In OCAD 11, I can do one import operation where I select all three files, then in a dialog box select the CRT, then hit Ok to import all three files at once.
If you've run a KP tiled batch job and run the appropriate merge commands, you will end up with merged_contours.dxf, formlines.dxf, and merged_dotknolls.dxf. Import those 3 files (2 if no formlines), and again, use the CRT, and do the hiding thing to delete any unconverted objects.
Make sure you first set the map to real world coordinates and the appropriate UTM zone (if your lidar data was in UTM). Be sure to get the northern hemisphere or southern hemisphere correct.
A few caveats.
The dotknolls file imported with this CRT results in brown and black dots. The black dots are "ugly knolls", which means the contour probably needs to be cut. It also results in brown and blue U-depressions. Again, the blue ones are ugly and might need contour line cuts. However---sometimes the knoll and depression data isn't worth importing. I prefer to let the mapper check them out and either use them or delete them for "basemap purposes" as they see fit.

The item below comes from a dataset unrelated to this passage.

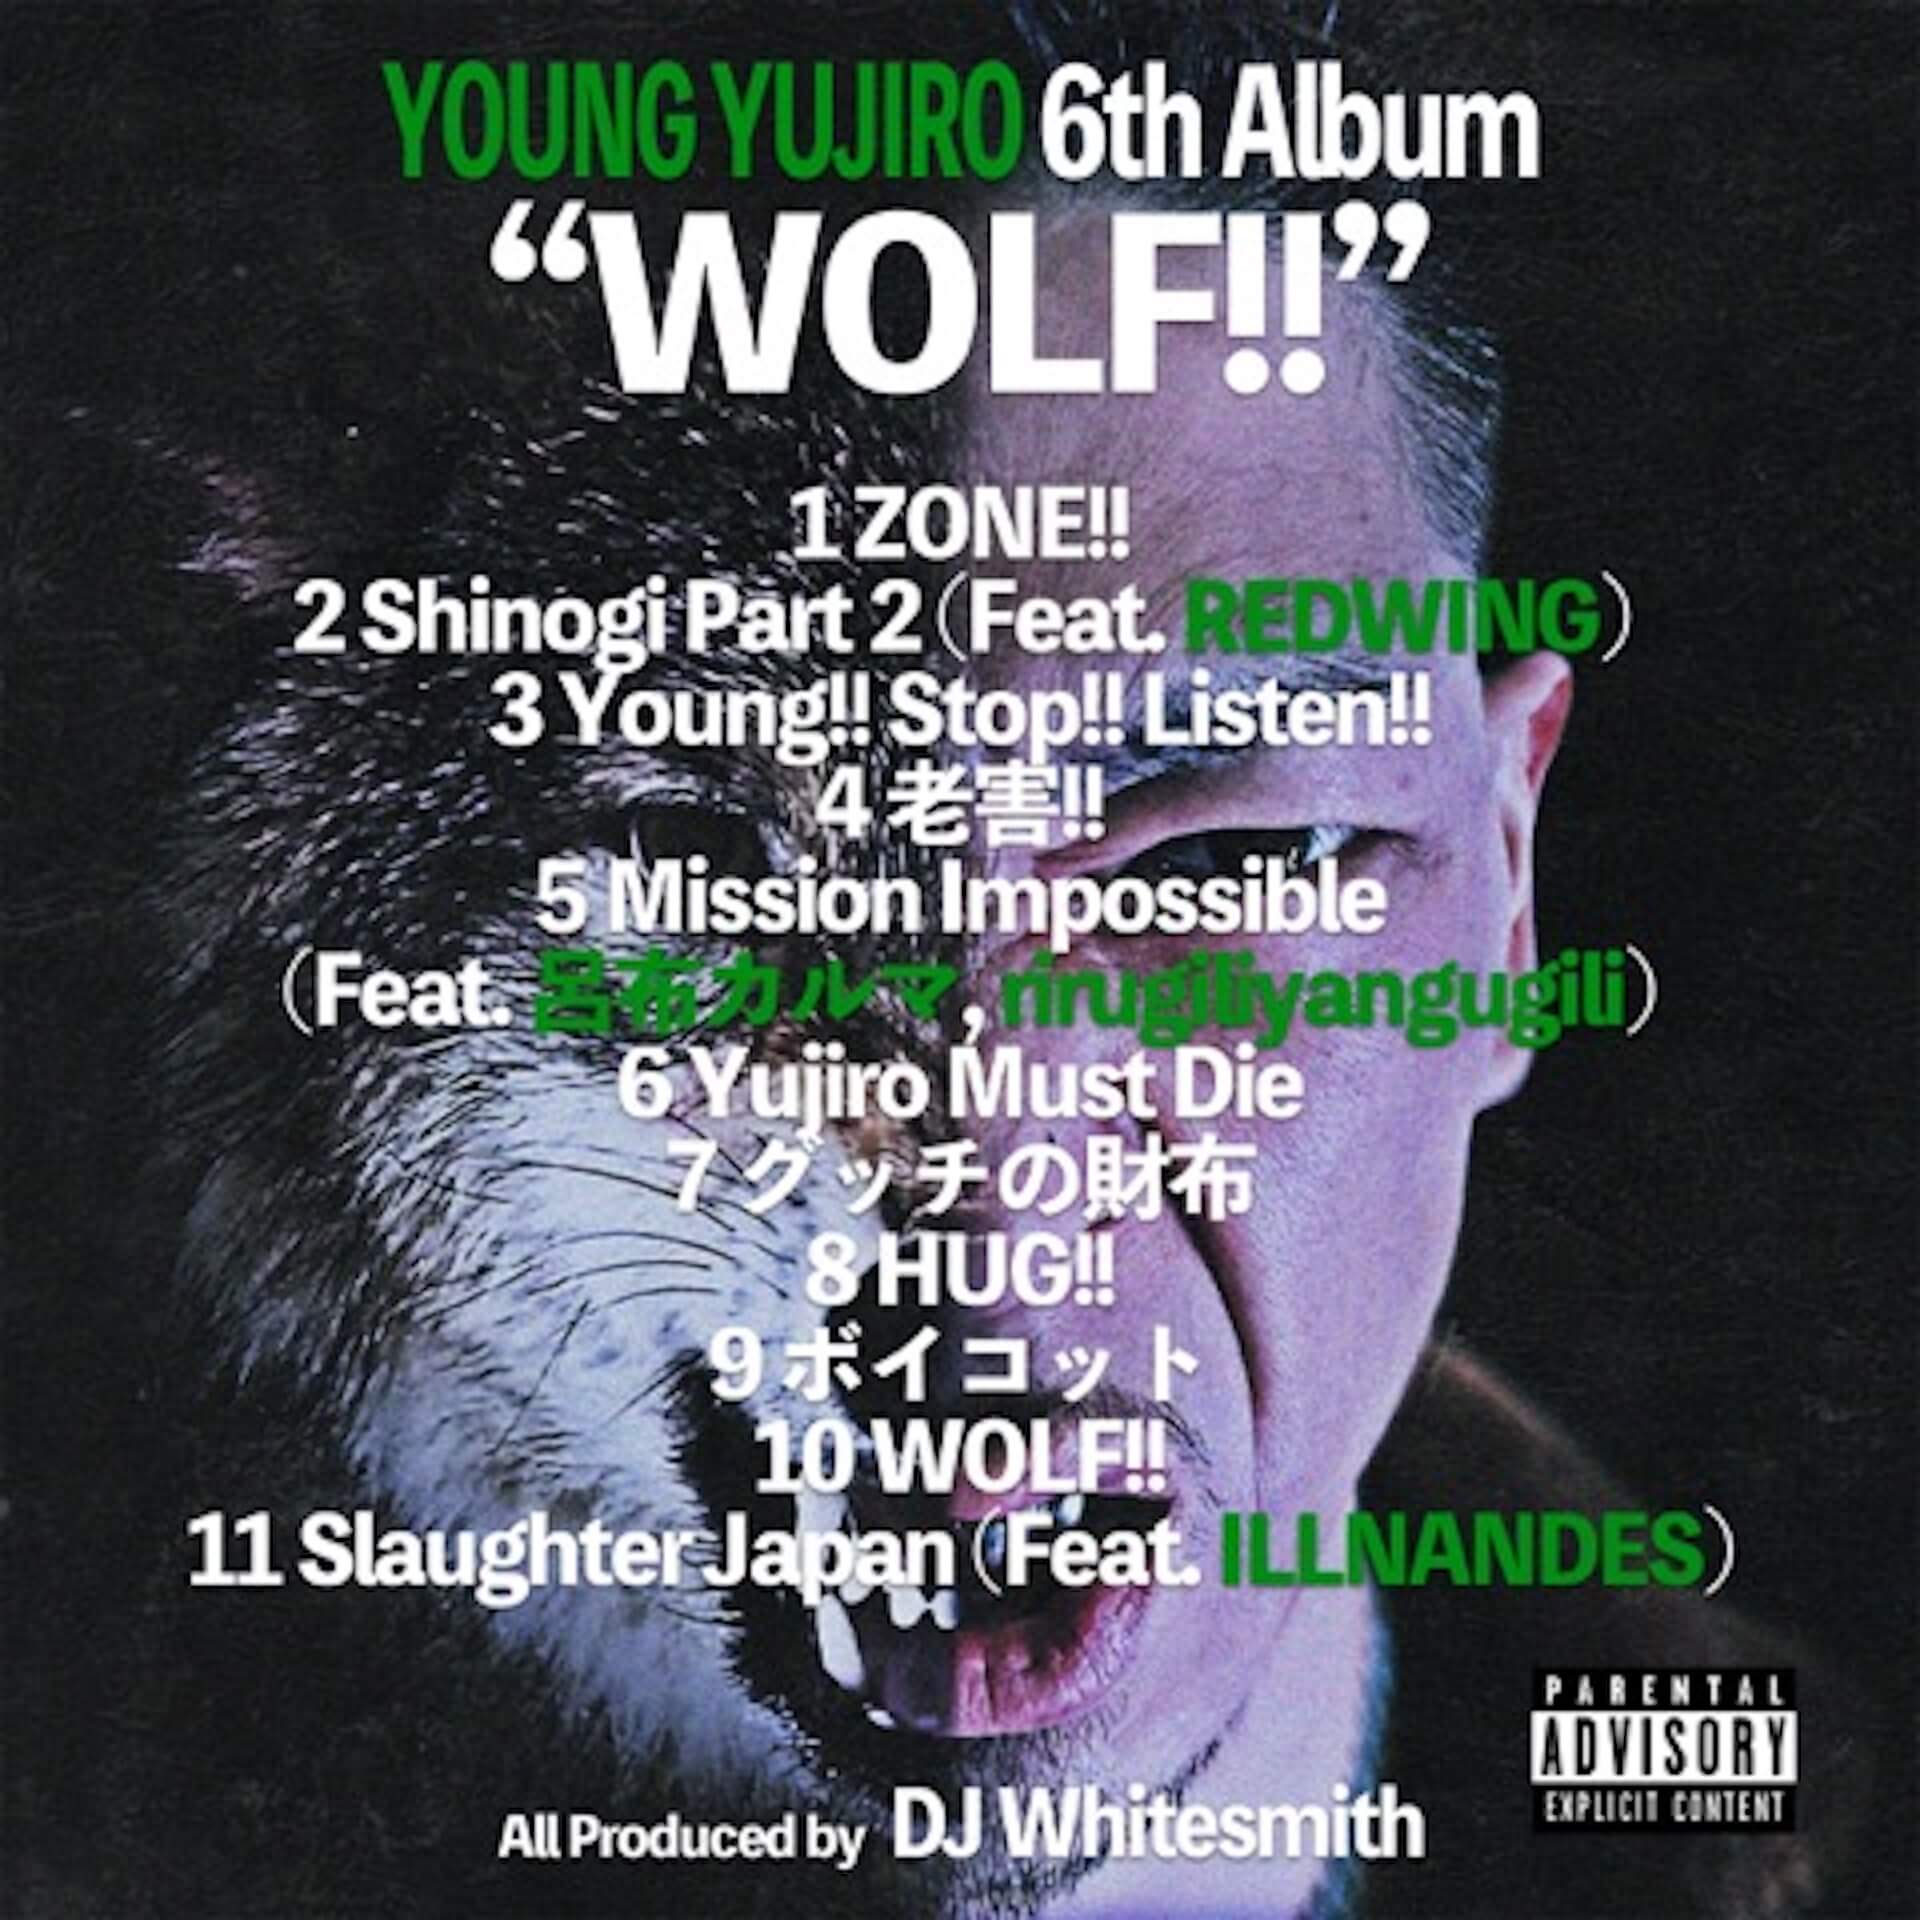 Young Yujiro、DJ Whitesmithをプロデューサーとして迎えた最新作『WOLF!!』をリリース｜呂布カルマ、rirugiliyangugili、REDWING、ILLNANDESらが参加 music230208-young-yujiro1

This CRT imports depressions as magenta lines. You can't import slope tags, so you must first draw slope tags on the magenta contours, then convert the dashed ones to formlines, the thick ones to index contours, and the thin solid ones to regular contours. I'm not 100% sure of the algorithm which picks the depression contours. I think KP usually finds the "bottom-most" contour, but not multiple depression contours inside one another, so pay attention to that.
If you are not using this as a basemap, but instead are trying for an automated O-map, consider changing the ugly dotknolls and depressions to match the normal, (non-ugly) numbers, so they all end up brown. There's an extra step (contour cutting) for the ugly ones, so I prefer to keep them black and blue for the mapper.
I used the ISOM 2000 symbol set *only*, so if you're having any trouble, create a new ISOM 2000 map, set real world coordinates, and do the import. If it's for a sprint map, I then convert the scale. Then open your new ISOM or ISSOM map (with the correct symbols for your desired map specification), and import the ISOM 2000 map. Play with the (three?) "import symbol" settings until it works. Alternately, you can look at the symbol numbers in my CRT list, and update it with the correct new symbol numbers for the new symbol sets.
The CRT file should work in OOMapper, but I haven't tried it. It relies on the symbol numbers matching, obviously.
What dxf file contains cliffs? Here in Cincinnati, they're not very useful because we have so few, but I'll import some and see if they're useful. (I normally give people the merged_depr.png or pullauta_depr.png so they have the cliffs and can draw them if they like. But I can see that vector format might be helpful.